Я сжег все их в камине.
Глава 12
В декабре 1865 года инспектор Филд через здоровенного сыщика Хэчери сообщил мне, что «пациентка» Диккенса Эллен Тернан уже вполне оправилась от травм, полученных в Стейплхерстской катастрофе: она не только присутствовала на балу, устроенном братом жениха ее сестры, Энтони Троллопом, но даже танцевала там.

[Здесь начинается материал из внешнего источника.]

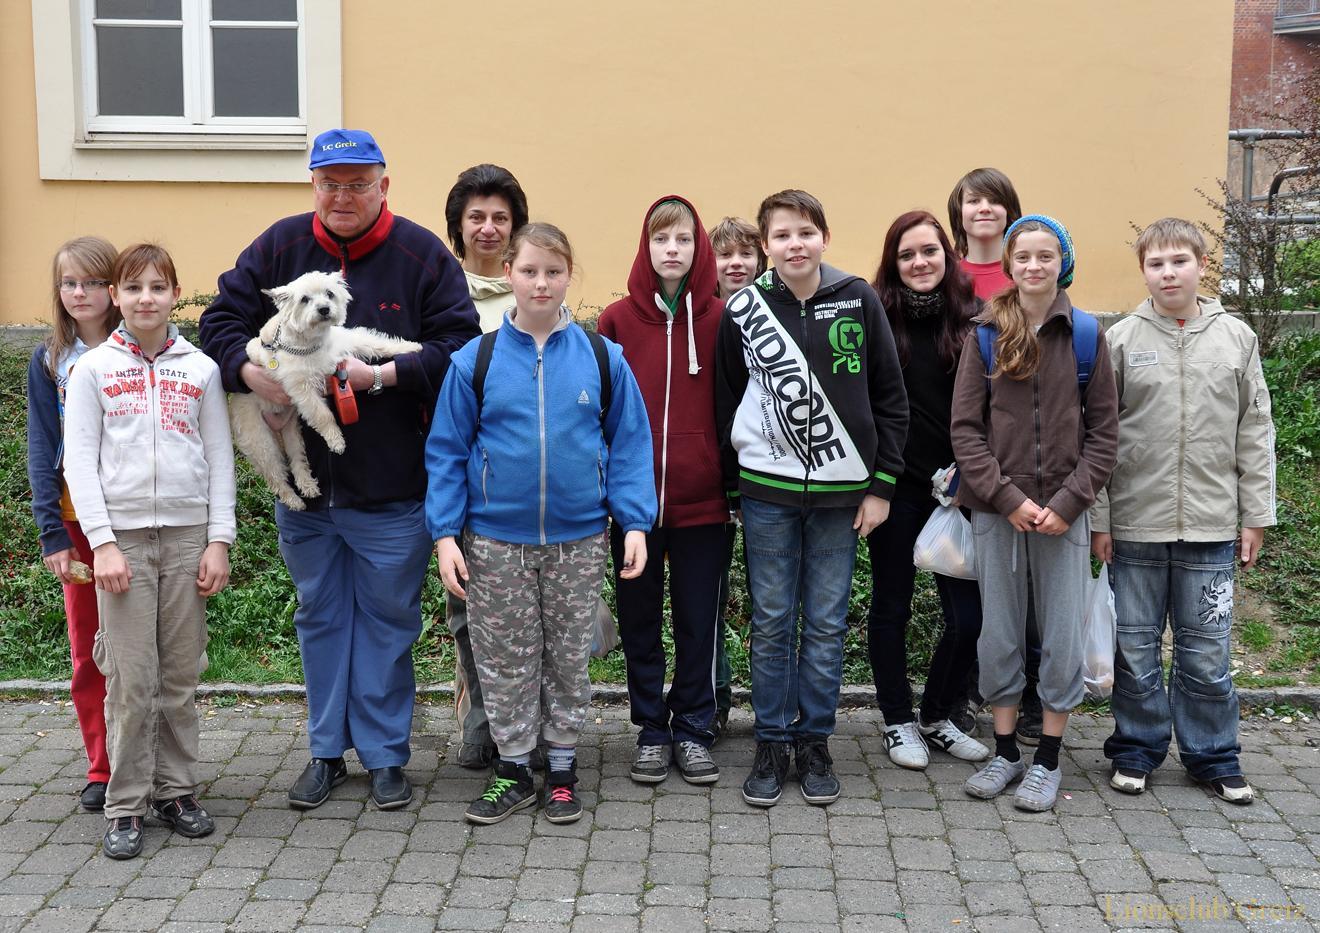 Lionsclub Greiz rief zum Frühjahrsputz auf

С красными геранями в волосах.
К Рождеству инспектор Филд стал все чаще выражать недовольство, что он поставляет мне гораздо больше информации, чем я — ему. Так оно и было. Хотя осенью Диккенс несколько раз приглашал меня в Гэдсхилл, хотя мы с ним неоднократно обедали в городе и вместе посещали различные приемы в течение нескольких месяцев, пока он медленно оправлялся после Стейплхерстской катастрофы, мы никогда больше не заводили разговоров о Друде. Складывалось впечатление, будто Диккенс каким-то образом проведал, что я вступил в предательский сговор с коварным инспектором Филдом. Но коли так, почему Неподражаемый продолжал приглашать меня в гости, писать мне письма со свежими новостями и обедать со мной в наших любимых лондонских ресторациях?
Во всяком случае, всего через неделю после того, как я слово в слово повторил Филду рассказ Диккенса о встрече с Друдом, инспектор уведомил меня, что писатель солгал мне.
А раз так, осознал я, значит, никакого притока подземной реки, описанного Диккенсом, не существует. Нет никакого тоннеля, ведущего к другой реке; нет никаких подземных трущоб, населенных беднягами, которым не нашлось места наверху; и нет никакого египетского храма на берегу так и не найденного подземного Нила. Диккенс либо солгал мне с целью скрыть настоящий путь к логову Друда, либо вообще выдумал всю историю про встречу с ним с начала до конца.
Инспектор был недоволен. Очевидно, он и его люди много часов или даже несколько суток кряду обследовали катакомбы и канализационные тоннели — и все без толку. Если дела и дальше будут продвигаться с такой скоростью, сказал мне Филд во время одной из наших редких и безрадостных встреч, он никогда не арестует Друда и умрет от старости, не успев угодить своему бывшему начальству в Столичной полиции и добиться восстановления пенсии и своего доброго имени.
Тем не менее в течение всей зимы инспектор продолжал делиться со мной информацией. Осенью, завершив работу над «Нашим общим другом» и с удовольствием пронаблюдав за появлением заключительных выпусков романа в «Круглом годе», Диккенс арендовал в Лондоне дом по адресу Саутвик-плейс, шесть, рядом с Гайд-парком. Ничего таинственного в этом не было: примерно двумя годами ранее он снимал похожий дом по соседству от нынешнего, прямо за углом, поскольку хотел иметь в Тибурнии удобное место для различных светских встреч и приемов. Новый дом у Гайд-парка предназначался также для дочери Диккенса Мейми, чтобы она в любое время могла приезжать в город по своим светским надобностям (вероятно, немногочисленным, ибо в ту пору и Мейми, и Кейти не пользовались популярностью в высшем обществе).
Коротко говоря, в аренде дома рядом Гайд-парком не было ничего таинственного. Однако — как через несколько недель заметит мне инспектор Филд, многозначительно подморгнув и потрогав нос толстым пальцем, — гораздо более загадочным представлялся тот факт, что Диккенс снял два маленьких дома в деревне Слау: один (под названием Элизабет-коттедж) на Хай-стрит, а другой на Черч-стрит, всего в четверти мили от первого. К Рождеству я еще не знал этого, но позже инспектор Филд уведомит меня, что Диккенс арендовал оба дома под фамилией Трингхэм, в первом случае он представился Чарльзом Трингхэмом, а во втором — Джоном Трингхэмом.
Поначалу, как впоследствии сообщит мне инспектор Филд, дом на Черч-стрит пустовал, но потом в него въехали некая миссис Тернан и ее дочь Эллен.
— Мы не знаем, почему мистер Диккенс назвался Трингхэмом, — сказал инспектор Филд, когда мы с ним прогуливались по Дорсет-Сквер вскоре после Нового года. — На поверхностный взгляд, это кажется неважным, но в нашем деле всегда полезно понимать, почему человек выбирает то или иное имя, чтобы под ним творить свои грязные дела.